→ **YOUR INSTRUCTIONS**: Exact copy, no pictures: return all the records as they stand.

++++ MATERIAL FOR THIS EXERCISE ++++

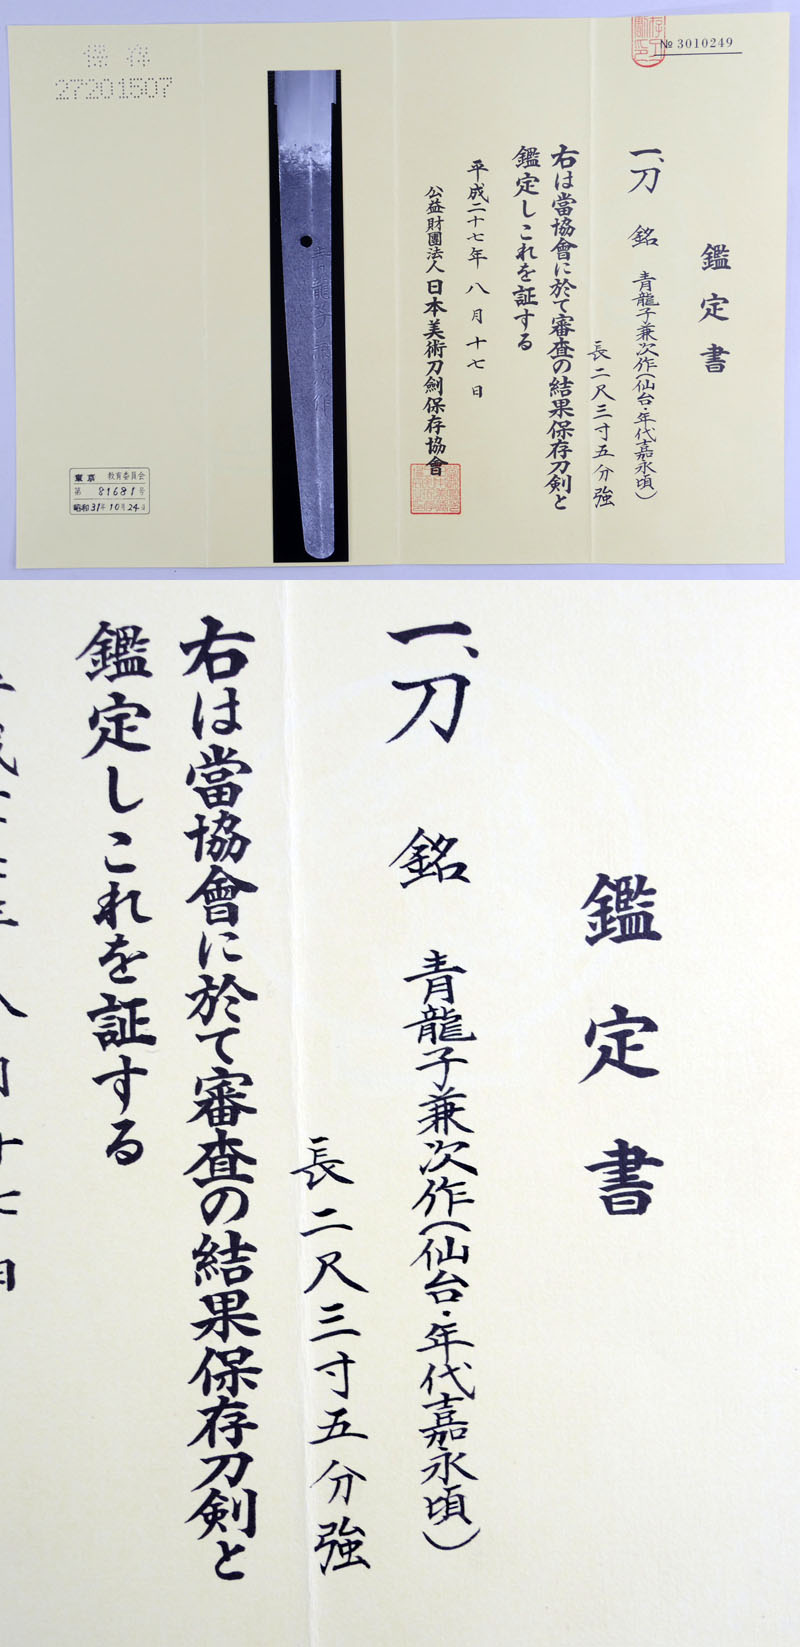 青龍子兼次作 Picture of Certificate
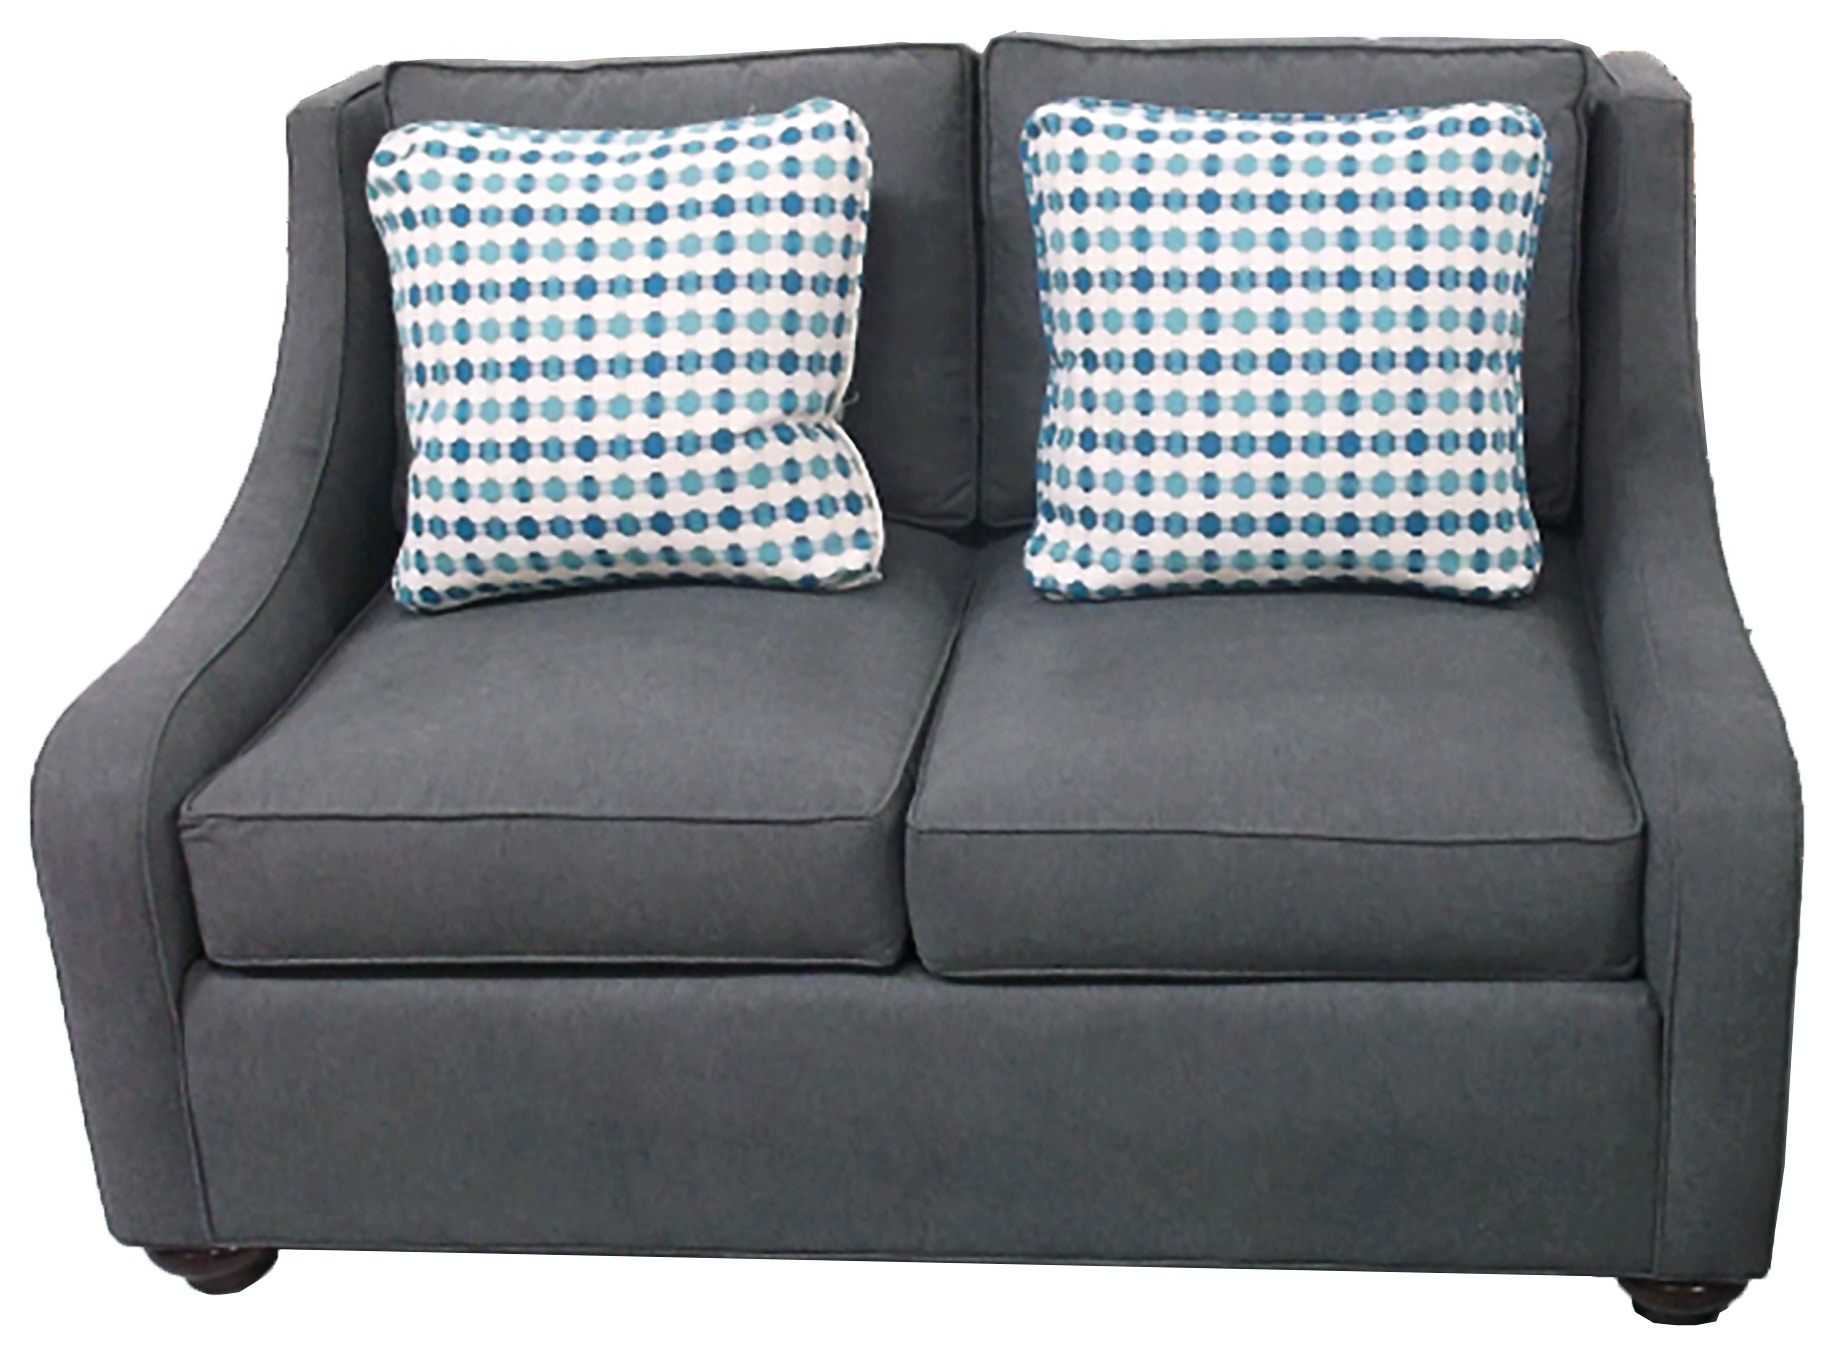 Vanguard Furniture American Bungalow Barkley Loveseat 641 LS
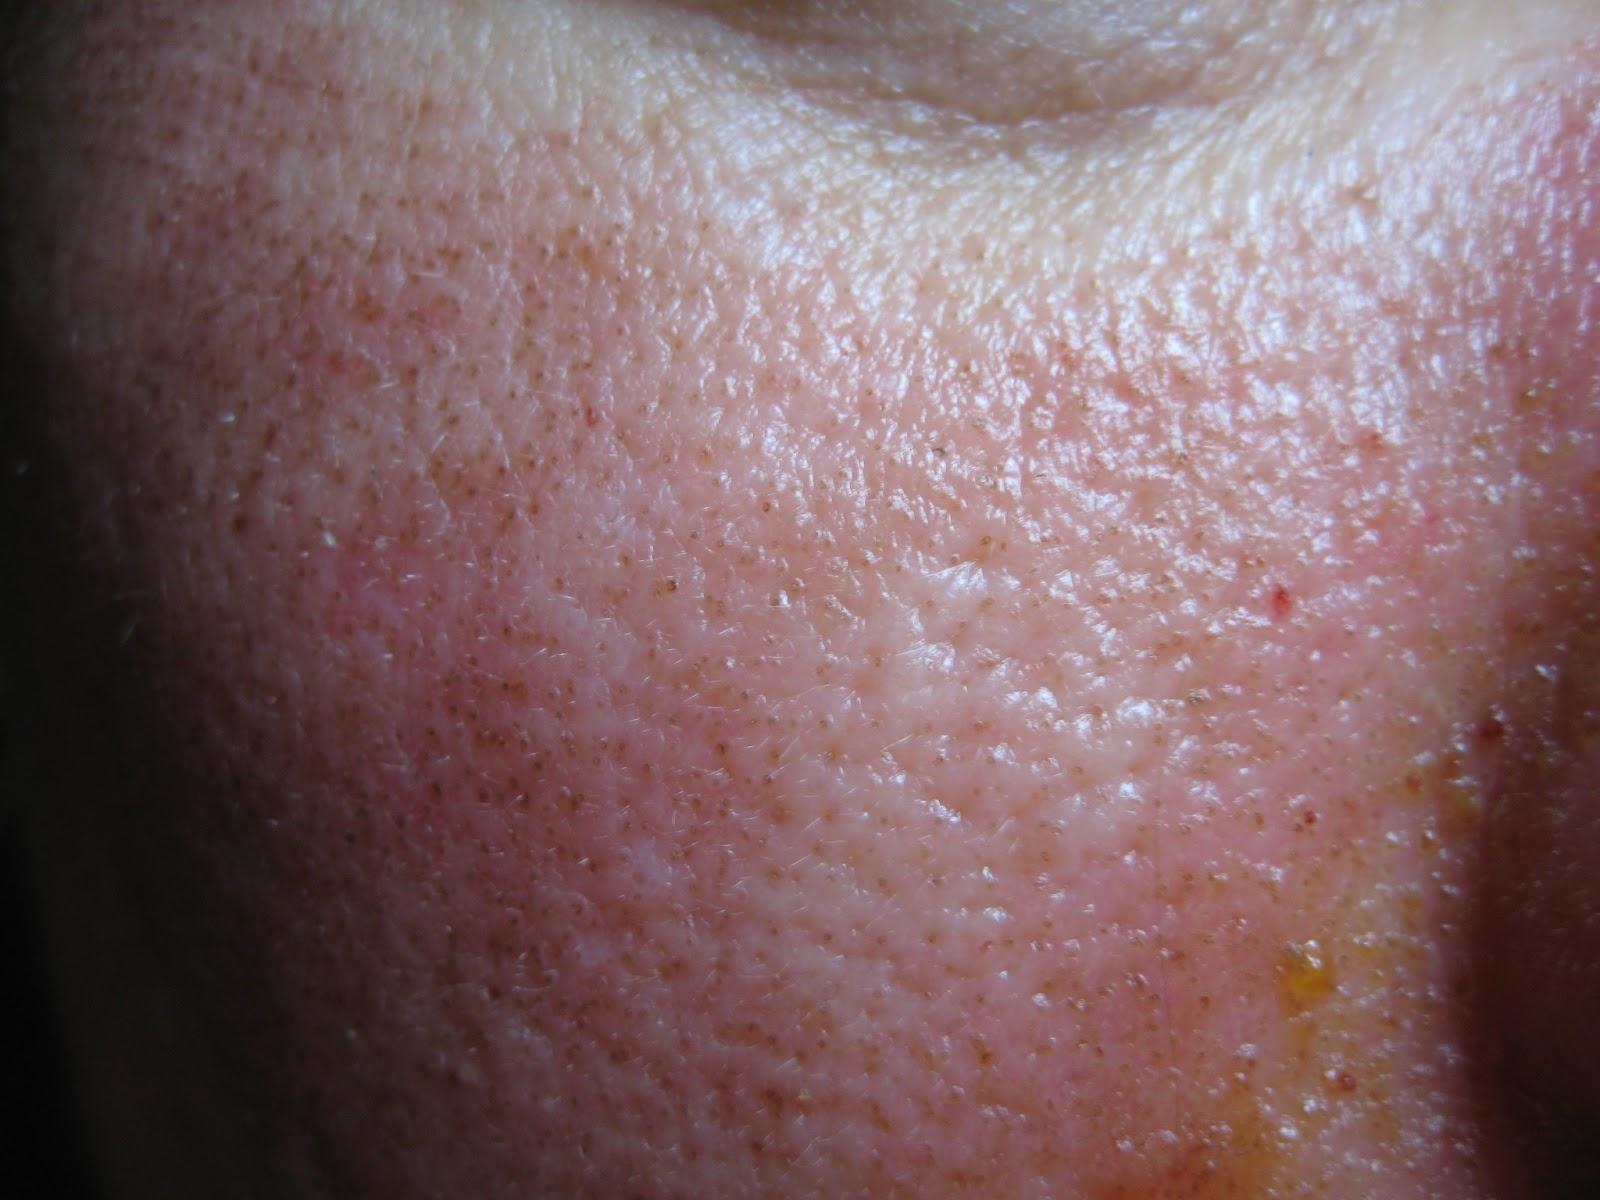 intraductalis papilloma okozza
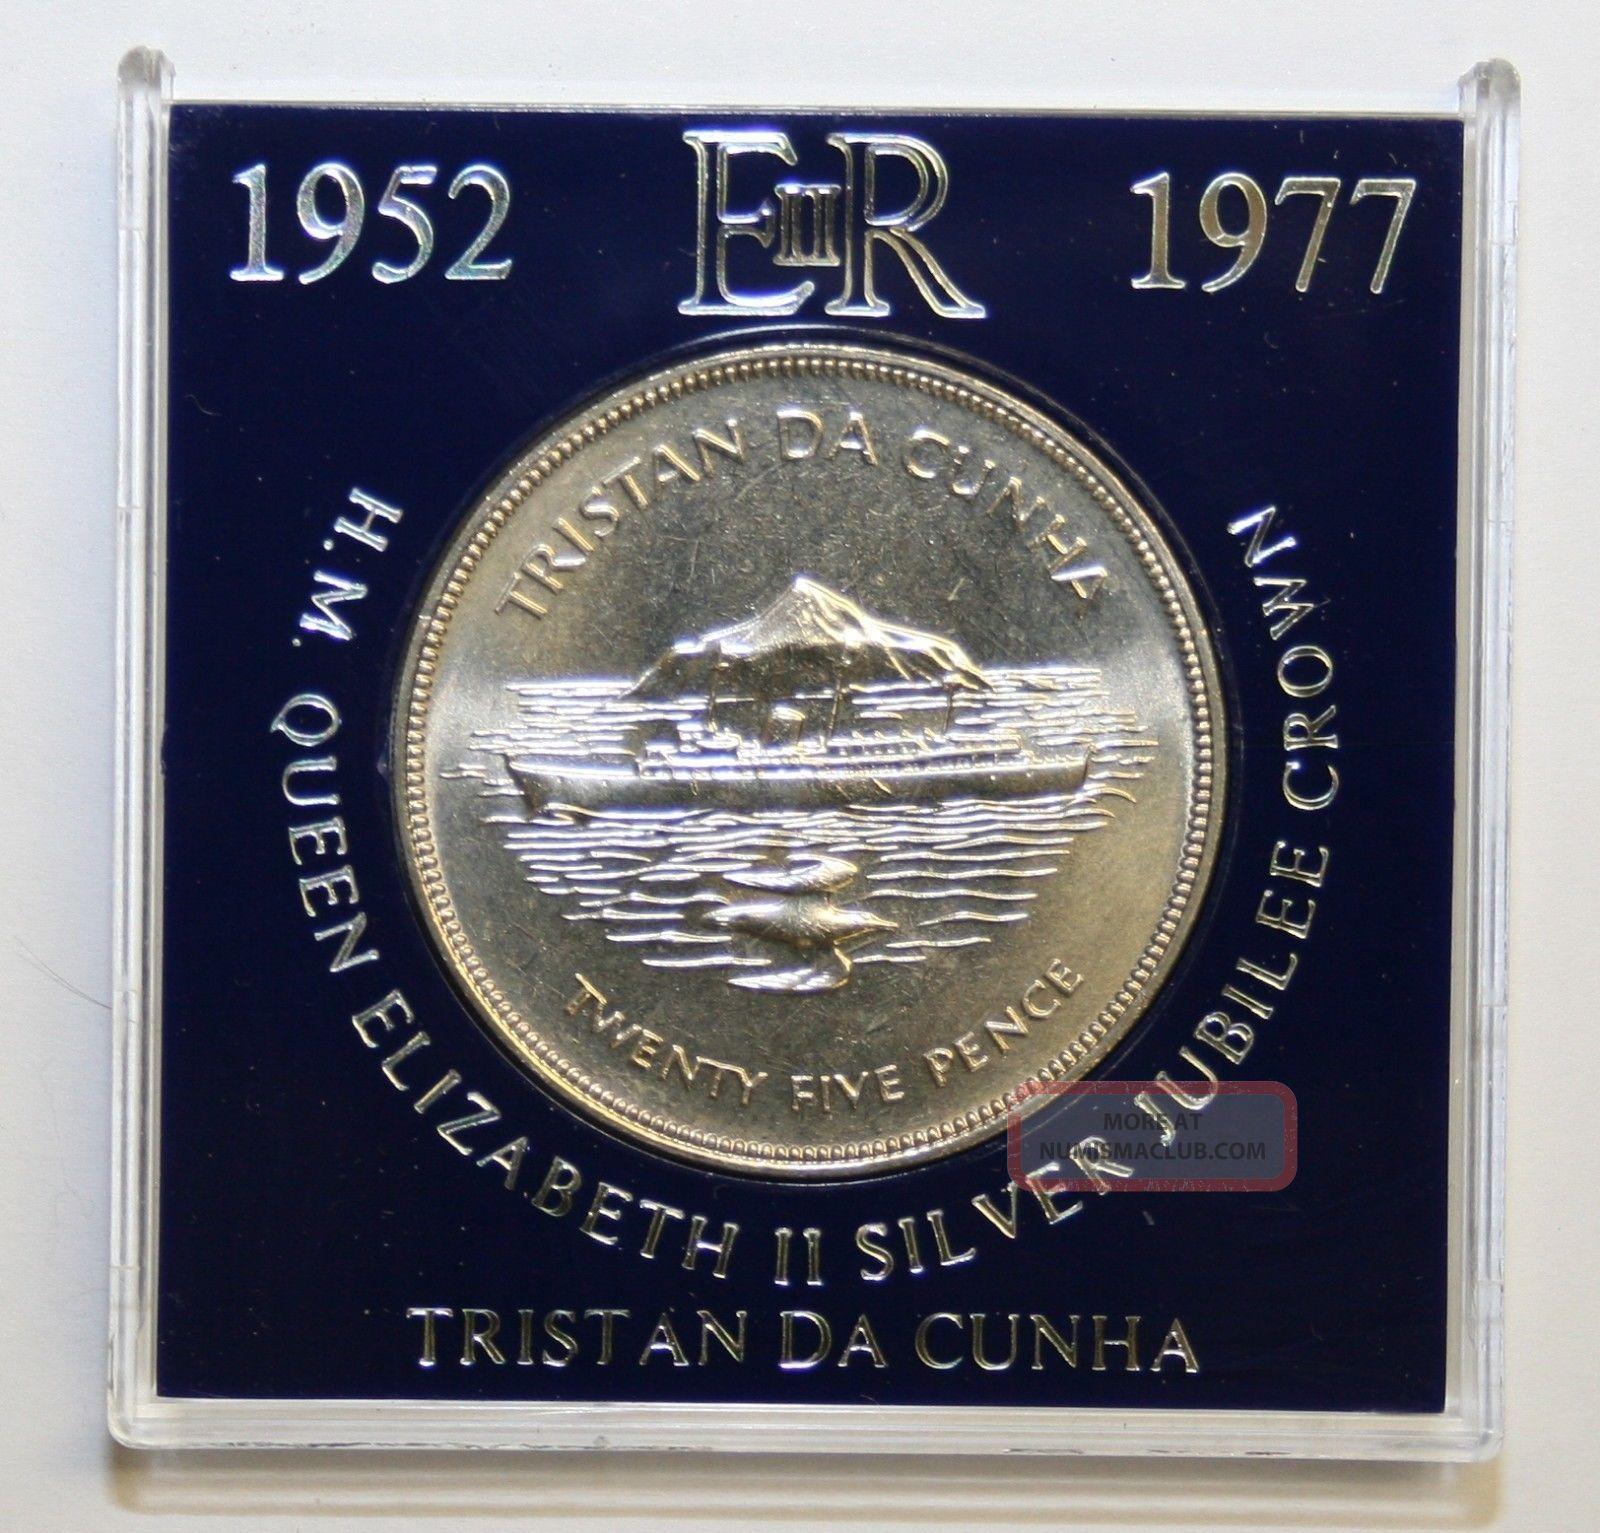 1977 Tristan Da Cunha Uncirculated Cased Crown Silver Jubilee Coins: World photo
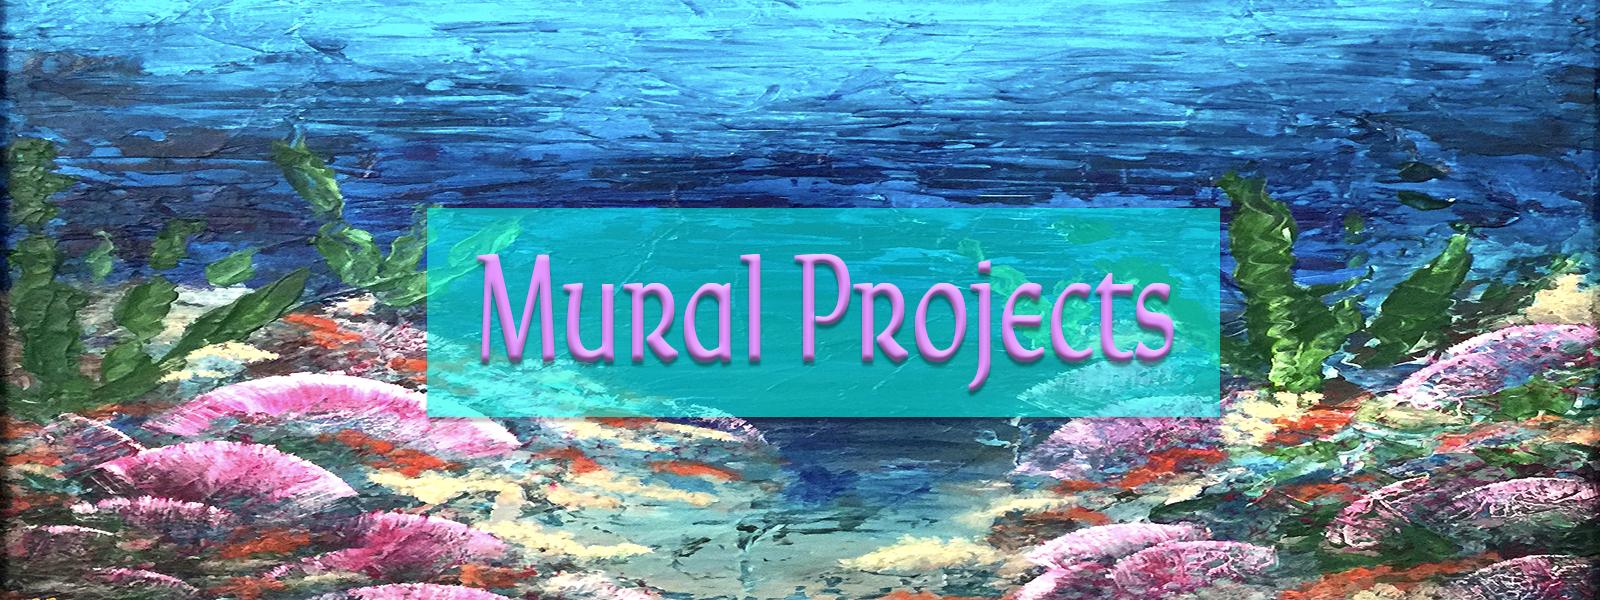 KJ's Art Studio ~ KJsArtStudio.com | Mural Art, Mural Projects, Mural Wall Art, Wall Murals, Commission Art, Commissions, KJ Burk

++++

→ **RESPONSE FOR THIS EXERCISE**:
 青龍子兼次作 Picture of Certificate
 Vanguard Furniture American Bungalow Barkley Loveseat 641 LS
 intraductalis papilloma okozza
 1977 Tristan Da Cunha Uncirculated Cased Crown Silver Jubilee Coins: World photo
 KJ's Art Studio ~ KJsArtStudio.com | Mural Art, Mural Projects, Mural Wall Art, Wall Murals, Commission Art, Commissions, KJ Burk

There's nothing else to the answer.